NachrichtenMakroWall Street Journal verweist auf Trumps eigene Wahlkampfaussagen in Rüge des neuen H-1B-Gebührenplans

Wall Street Journal verweist auf Trumps eigene Wahlkampfaussagen in Rüge des neuen H-1B-Gebührenplans

Autor: Rawstory·

Wichtige Erkenntnisse

  • Ein Richter hatte die vorgeschlagene H-1B-Einstellungsgebühr von 100.000 US-Dollar als verfassungswidrige Steuer ohne Zustimmung des Kongresses eingestuft; die Regierung versucht nun, sie über ein anderes Gesetz erneut einzuführen.
  • Der Redaktionsbeirat des Wall Street Journal erklärte, der Plan widerspreche Trumps Wahlkampfrhetorik von 2024, in der er eine Ausweitung der Pipeline ausländischer Talente befürwortete und automatische Green Cards für ausländische Absolventen vorschlug.
  • Der Beirat verwies auf Daten der National Foundation for American Policy, wonach Ausländer etwa 75 % bis 80 % der Vollzeit-Absolventenstudierenden in KI-nahen Bereichen ausmachen.
  • Das Editorial argumentierte, dass kleinere Unternehmen und Start-ups sich die Gebühr kaum leisten könnten und mit Big Tech um ausländische Talente konkurrieren müssten.
  • Unternehmen wie Nvidia, Google, OpenAI und SpaceX wurden laut dem Beirat teilweise von Einwanderern gegründet.
Wall Street Journal verweist auf Trumps eigene Wahlkampfaussagen in Rüge des neuen H-1B-Gebührenplans

Präsident Donald Trump versucht erneut, per Dekret hohe neue Gebühren für Unternehmen zu verhängen, die ausländische Arbeitskräfte einstellen – ein Schritt, der in direktem Widerspruch zu seiner eigenen Wahlkampfbotschaft steht, wie der Redaktionsbeirat des Wall Street Journal am Freitag schrieb (WSJ-Kommentar).

Die Regierung hatte zuvor eine Gebühr von 100.000 US-Dollar für Unternehmen vorgeschlagen, die Arbeitnehmer mit H-1B-Visum einstellen, das für hochqualifizierte Einwanderer wie Technologiearbeiter verwendet wird.

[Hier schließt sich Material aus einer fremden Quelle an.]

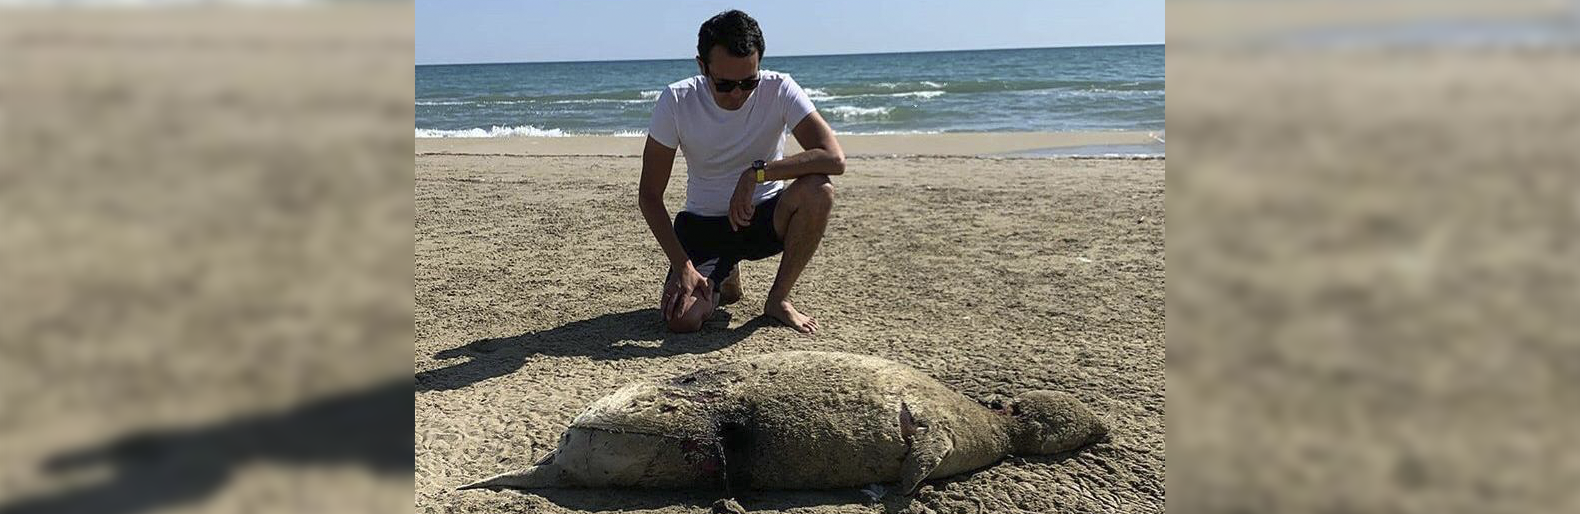 Таинственный певец на берег выброшен грозою. В кайспис Каспийском море вытащили русалку. В Дагестане погибло 2500 тюленей. Российские туристы погладили тюленя и получили огромный штраф.

Ein Richter verwarf diesen Vorschlag als verfassungswidrige Steuer, die ohne Zustimmung des Kongresses erhoben wurde, doch die Regierung versucht nun, die Gebühr auf Grundlage eines anderen Gesetzes erneut einzuführen (Berichterstattung von Raw Story). Der Rechtsstreit berührt eine langjährige verfassungsrechtliche Beschränkung: Maßnahmen zur Einnahmeerzielung erfordern in der Regel ein Tätigwerden des Kongresses, und das frühere Urteil verdeutlichte die Grenzen der Nutzung exekutiver Befugnisse zur Erhebung von Abgaben, die als Steuern wirken.

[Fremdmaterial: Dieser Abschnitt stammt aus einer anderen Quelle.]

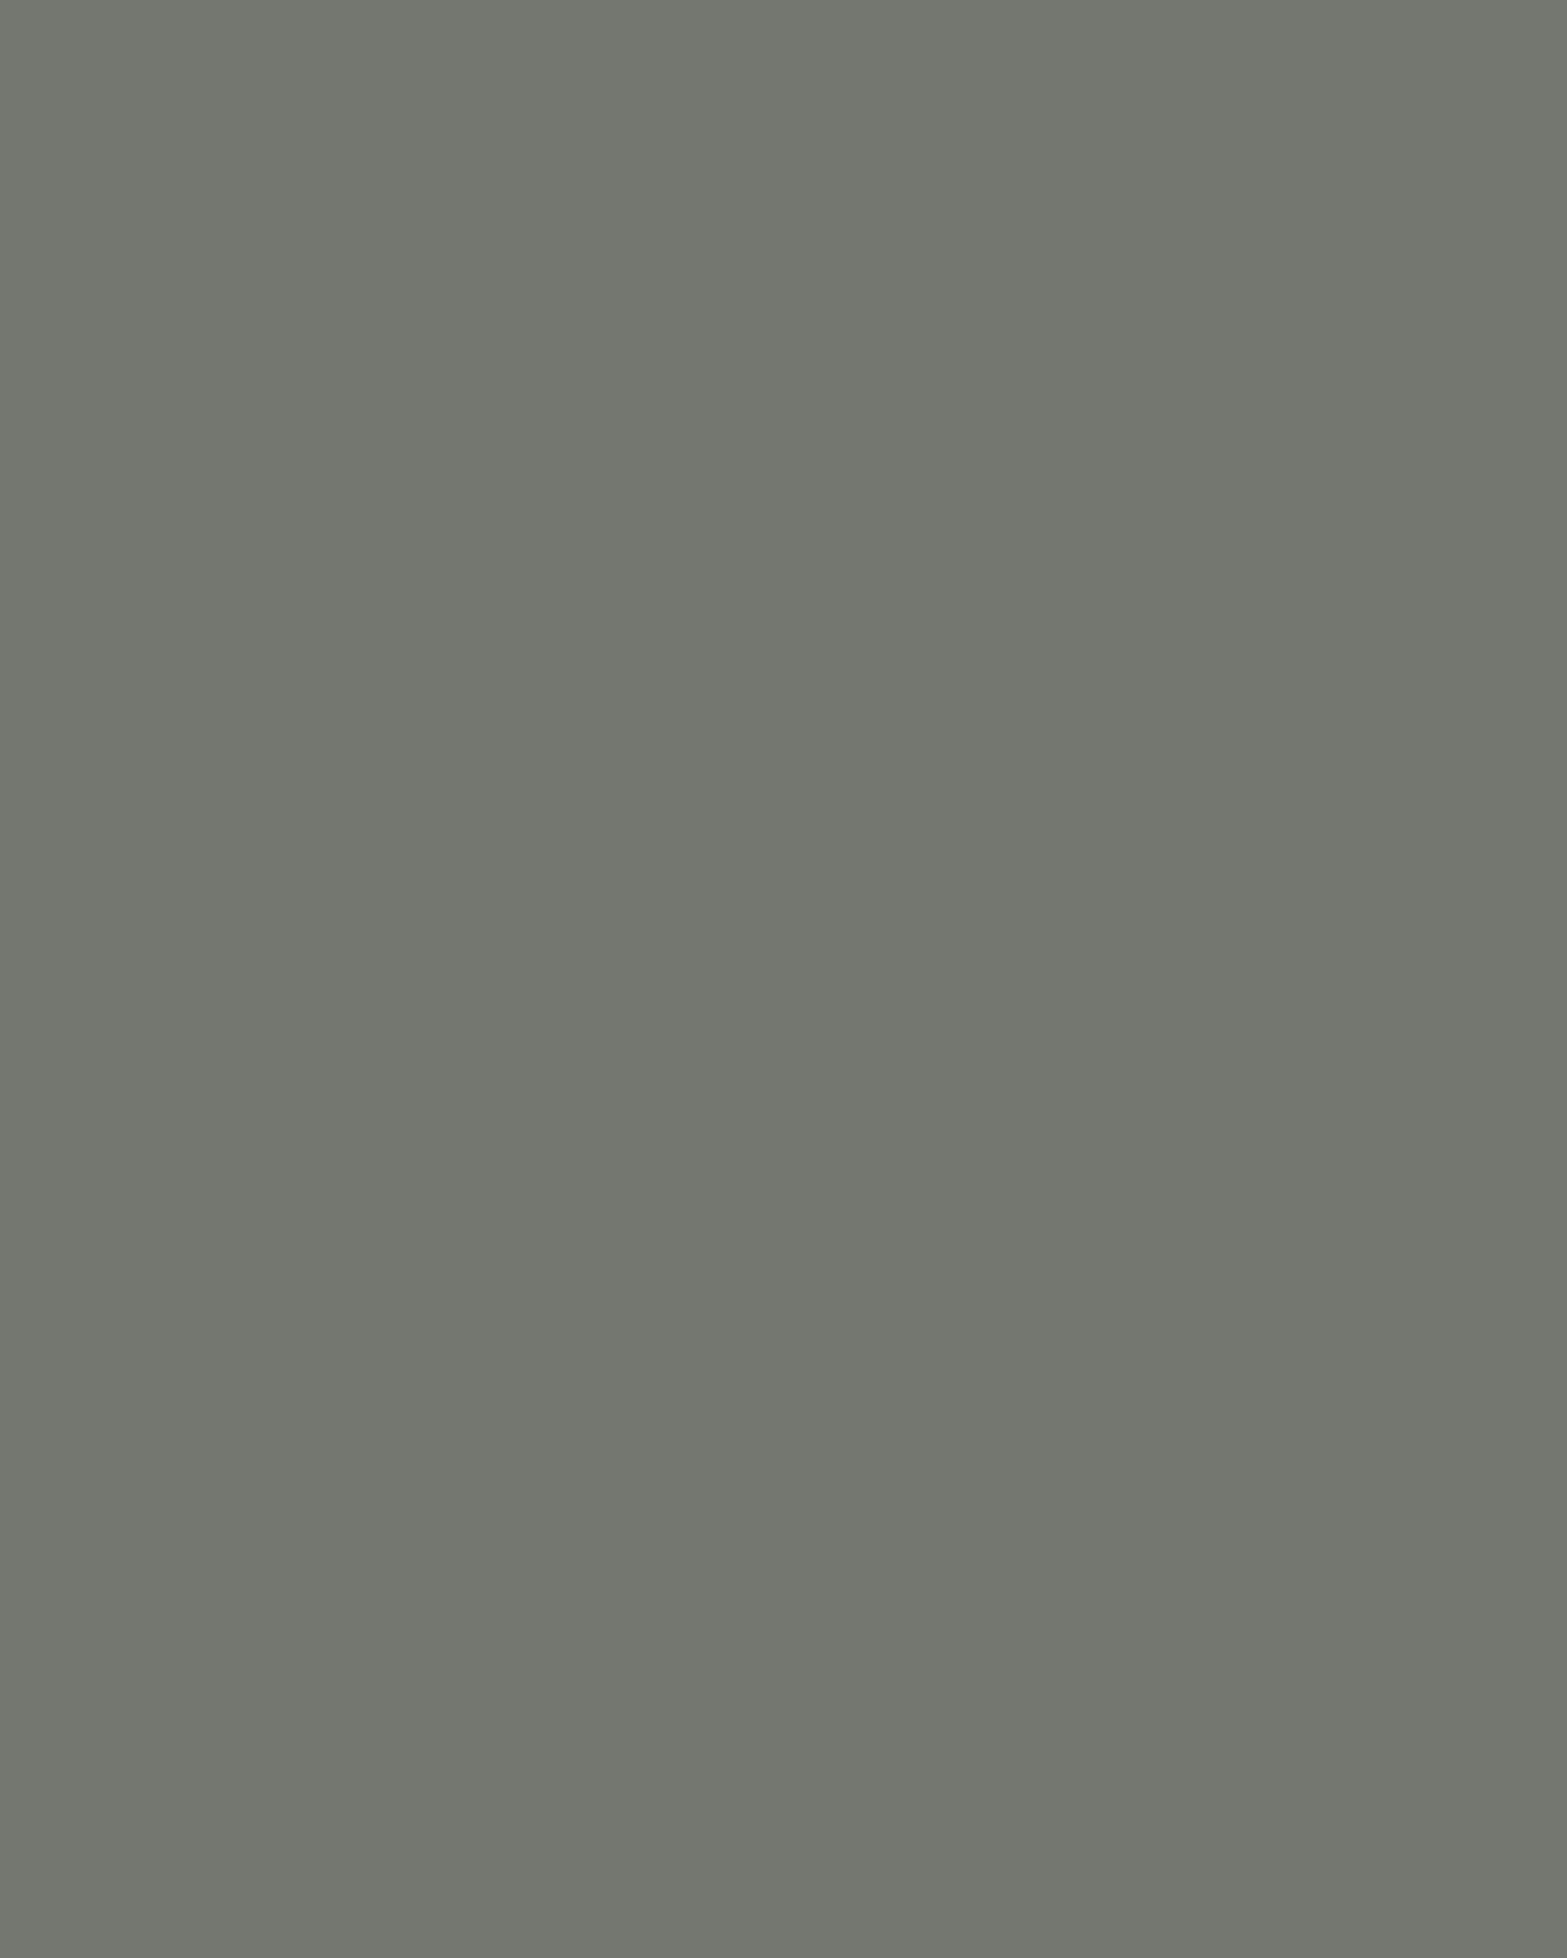 Архип Куинджи. Ладожское озеро. 1873. Государственный Русский музей, Санкт-Петербург

Trumps Anhänger haben argumentiert, die Gebühr werde mehr Arbeitsplätze für amerikanische Arbeitnehmer freisetzen, doch der Redaktionsbeirat hält sie tatsächlich für schädlich. „Unternehmen investieren stark in die Ausbildung amerikanischer Arbeitnehmer, aber die Colleges bilden zu wenige Absolventen mit den besonderen Fähigkeiten aus, die Arbeitgeber benötigen – etwa in Cybersicherheit und Robotik“, schrieb der Beirat. Er verwies zudem auf Daten der National Foundation for American Policy, wonach „Ausländer etwa 75 % bis 80 % der Vollzeit-Absolventenstudierenden in KI-nahen Bereichen ausmachen“. Die Debatte über H-1B-Gebühren kommt, während das Visaprogramm seit langem ein Zankapfel zwischen Wirtschaftsverbänden, die auf es zur Besetzung spezialisierter Stellen angewiesen sind, und Kritikern ist, die argumentieren, es verdränge amerikanische Arbeitnehmer – eine Kluft, die sich im Rennen um KI-Talente zwischen großen Technologieunternehmen zugespitzt hat.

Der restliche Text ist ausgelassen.